The Court Holds That Arbitration Provisions Can be Waived by Conduct in Litigation
The court determined after reviewing federal and state case law that a party can waive arbitration if it actively participates in litigation or takes other action inconsistent with the right to arbitration. The court determined that a decision regarding judicial conduct is substantive and not procedural and therefore the court and not the arbitrator makes the decision as to whether judicial conduct amounts to a waiver. The court distinguished the one Delaware decision that held to the contrary on the ground that the issue was not raised or briefed in that case. The court held that the parties here briefed that issue and also that the parties’ arbitration provision did not clearly delegate to the arbitrator the decision of whether judicial conduct has waived arbitration. The court also held that the issue over judicial conduct waiver amounts to a new agreement and therefore is always an issue for the court to decide. The court then held that the respondent’s filing of an answer, briefing a motion for summary judgment and briefing a motion for contempt without raising the arbitration provision constituted a judicial waiver.
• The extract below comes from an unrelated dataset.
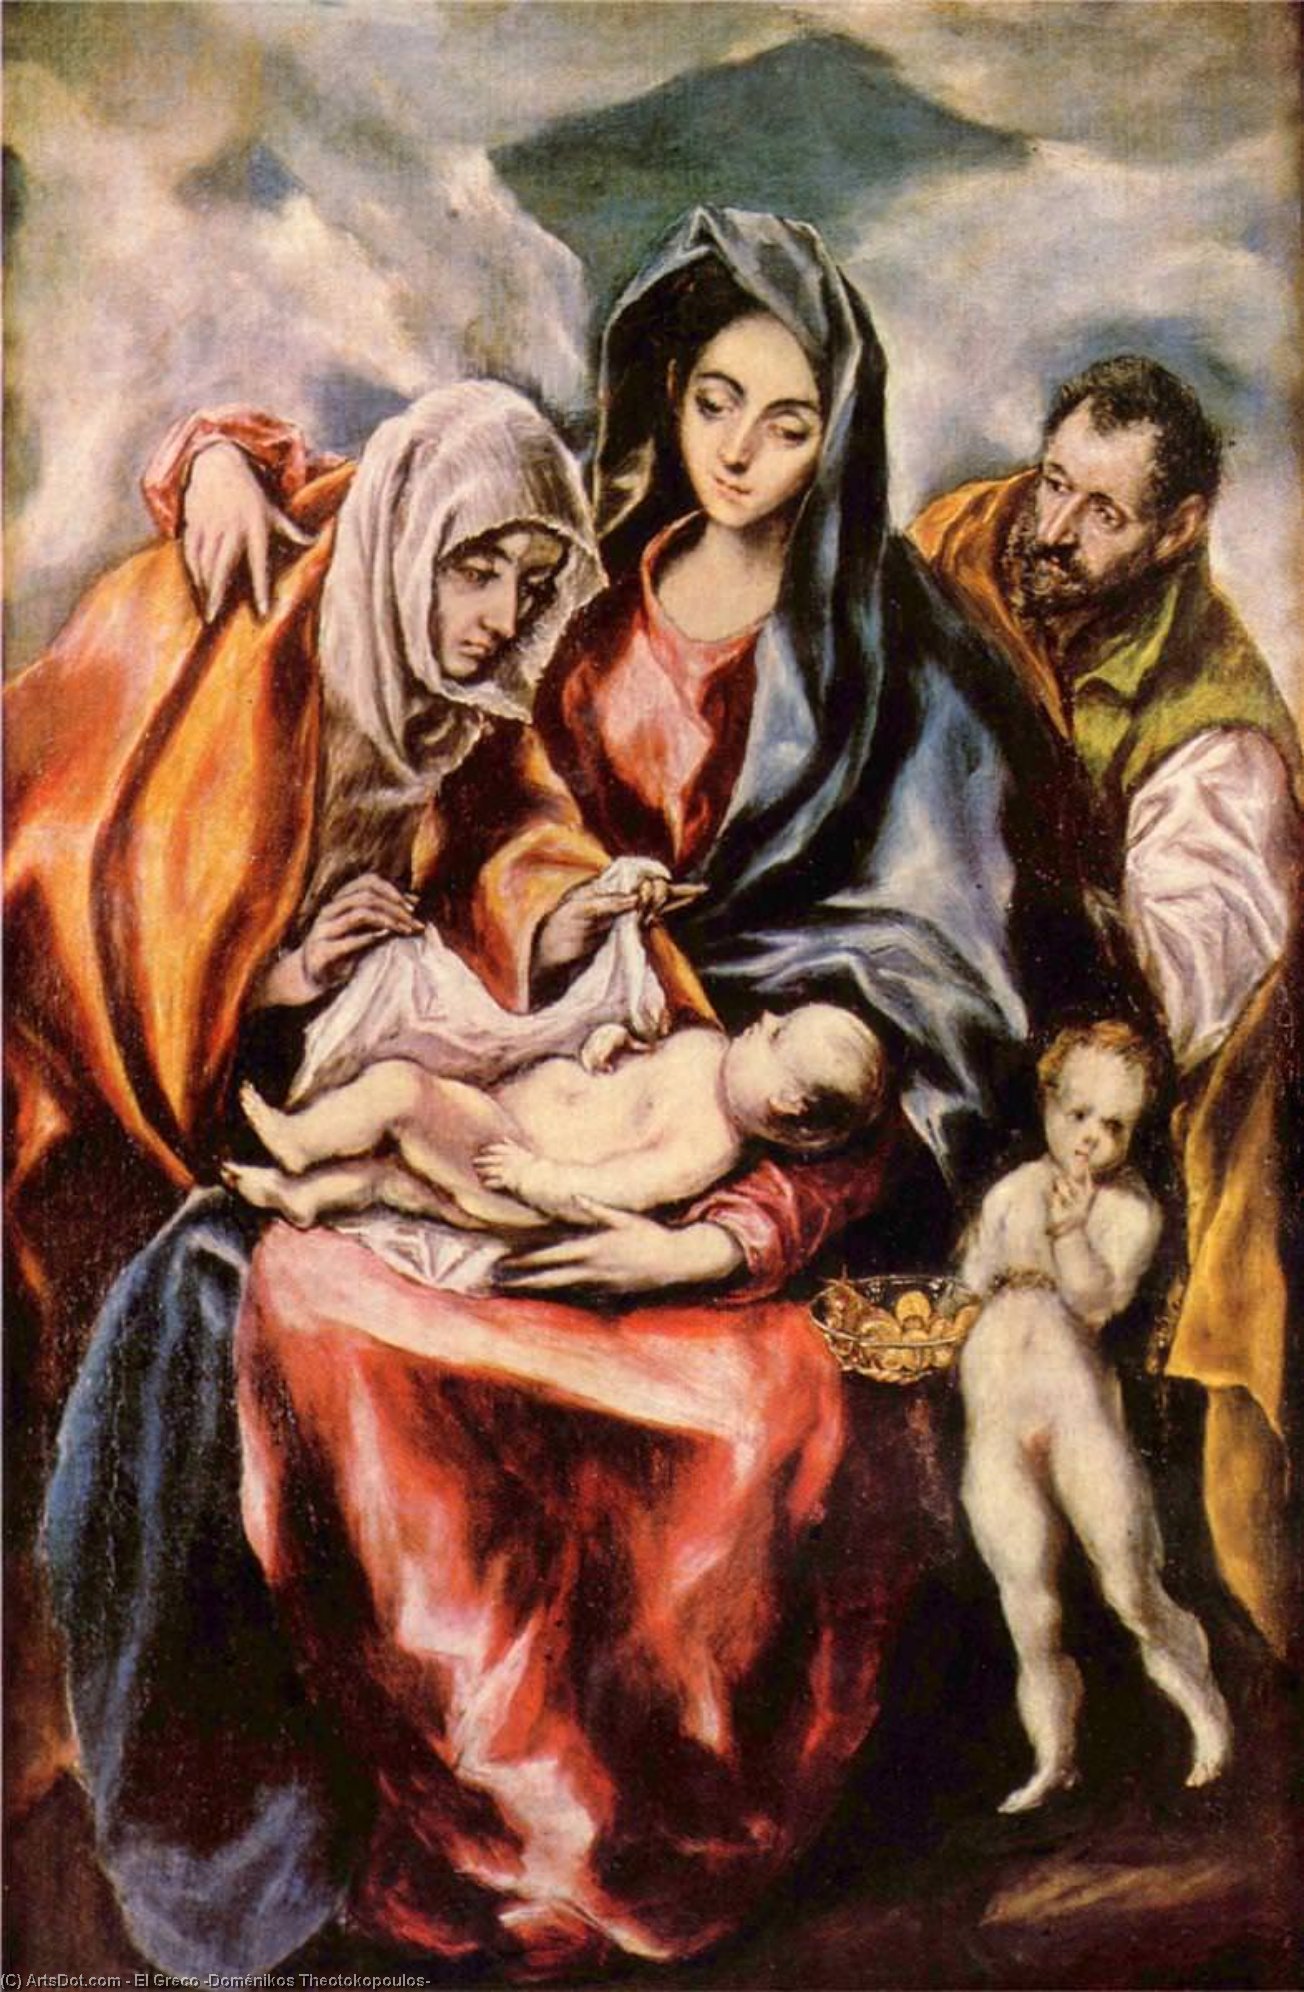 WikiOO.org - 백과 사전 - 회화, 삽화 El Greco (Doménikos Theotokopoulos) - The Holy Family with St. Anne and the Young St. John the Baptist

The court noted that respondent provided no authority “in which a court permitted a party to invoke an arbitration provision after losing on the merits and being held in contempt.”
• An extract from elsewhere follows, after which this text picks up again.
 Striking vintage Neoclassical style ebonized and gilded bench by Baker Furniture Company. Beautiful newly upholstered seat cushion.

Advancement actions are summary in nature. That fact influenced the court’s decision in rejecting respondent’s argument that, because it took no discovery, there was no waiver by judicial conduct. The court thus noted that because advancement actions are summary in nature, parties typically do not take discovery. The primary lesson of this decision is that, particularly in a summary proceeding, a party cannot sit on its right to claim that a court should abstain from exercising jurisdiction, answer a complaint, respond to a summary judgment motion and oppose and lose a sanctions motion without mentioning the arbitration provision and then rely upon Rule 12(b)(1) to claim all prior actions of the court are void based on an arbitration provision.